Из глубины саванны прилетел резкий звук, на мосту показался небольшой состав — электровоз и несколько вагонеток. Состав пересек плато справа налево, исчезнув в дымке вместе со своим отражением в вышине.
— Какой красивый мираж, правда ведь, папа?! Я такого еще не видела! — воскликнула Дженни.
— Я тоже никогда ничего подобного не видел, — сказал Владислав Львович.
Слова Дженни вывели его из нерешительности, и он направил машину к искрящемуся стеклом зданию. Через несколько минут дорога поднялась на невысокий холм, и мир в небе поблек и исчез, уступив место белому солнечному сиянию. Все вокруг словно плавало в воде: и пятна мелкого кустарника, и плоские верхушки акаций, казалось, стояли кронами вниз. Горы на горизонте подпрыгивали в перегретом воздухе.
Равин остановил машину на стоянке рядом со зданием, посигналил, предупреждая хозяина о прибытии незваных гостей.
Слоновий рев, похожий на визг, донесся издалека.
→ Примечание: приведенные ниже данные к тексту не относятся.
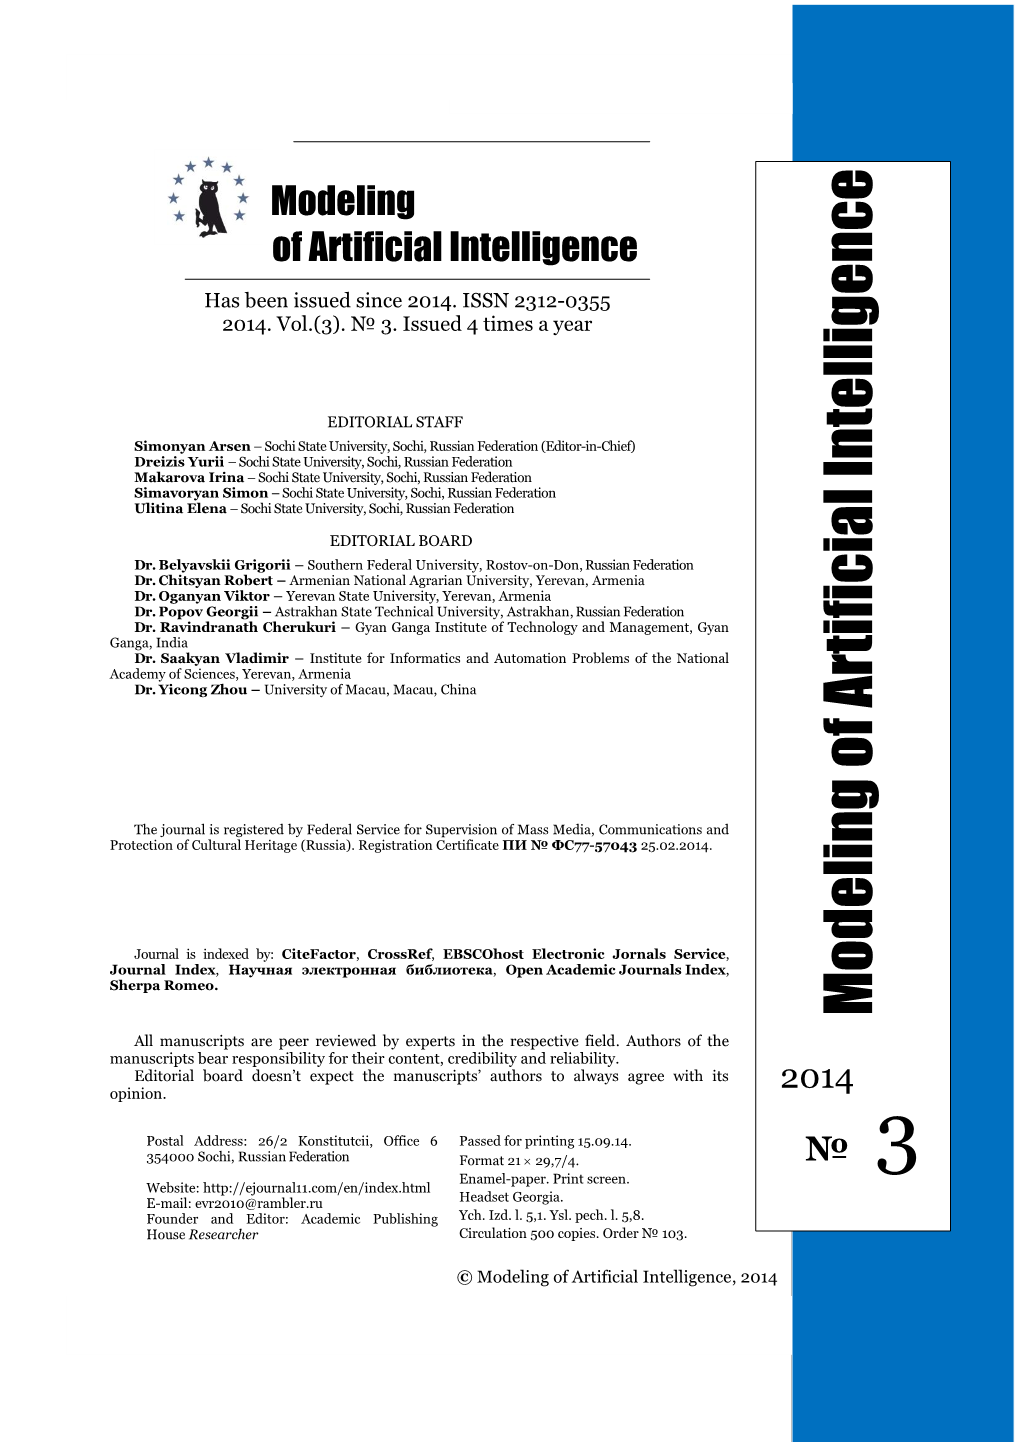 Modeling of Artificial Intelligence, 2014, Vol.(3), № 3

Равин оглянулся. В конце дороги, упирающейся в косматую зелень джунглей, появился слон. «Почему, сюит мне нажать клаксон, слон отвечает? — подумал Равин. — Он, наверное, принимает машину за зверя, вот в чем дело». Равин взял Дженни за руку, и они побежали по беломраморным ступеням широкого крыльца к огромным стеклянным входным дверям.
В невероятно просторном вестибюле навстречу им по парадной лестнице спускался низкорослый полноватый мужчина, застегивающий запонки на манжетах и одновременно поправляющий галстук.
— Чему обязан, сэр? — не скрывая удивления, спросил мужчина, останавливаясь в двух шагах.
«Вроде обыкновенный человек», — подумал Равин и сказал:
— Сэр, видите ли… Мы с дочерью сейчас из джунглей… Видите ли, сэр, сейчас там, на лесной дороге, произошла трагедия: слон убил человека. Теперь он преследует нас. У вас имеется на вилле оружие? Я бы хотел связаться с префектурой, вызвать карабинеров.
— У меня нет оружия. Зачем оно мне здесь? — мужчина пожал плечами. — А телефон наверху. Простите, с кем имею честь?
Дженни выскочила вперед.
— Сэр, мы Стоуны, — выкрикнула она. — Это мой папа, Фил Стоун, британский дипломат. Я его дочь Дженни. Слон убил миссис Келли, как вы не понимаете?! И теперь гонится за нами!..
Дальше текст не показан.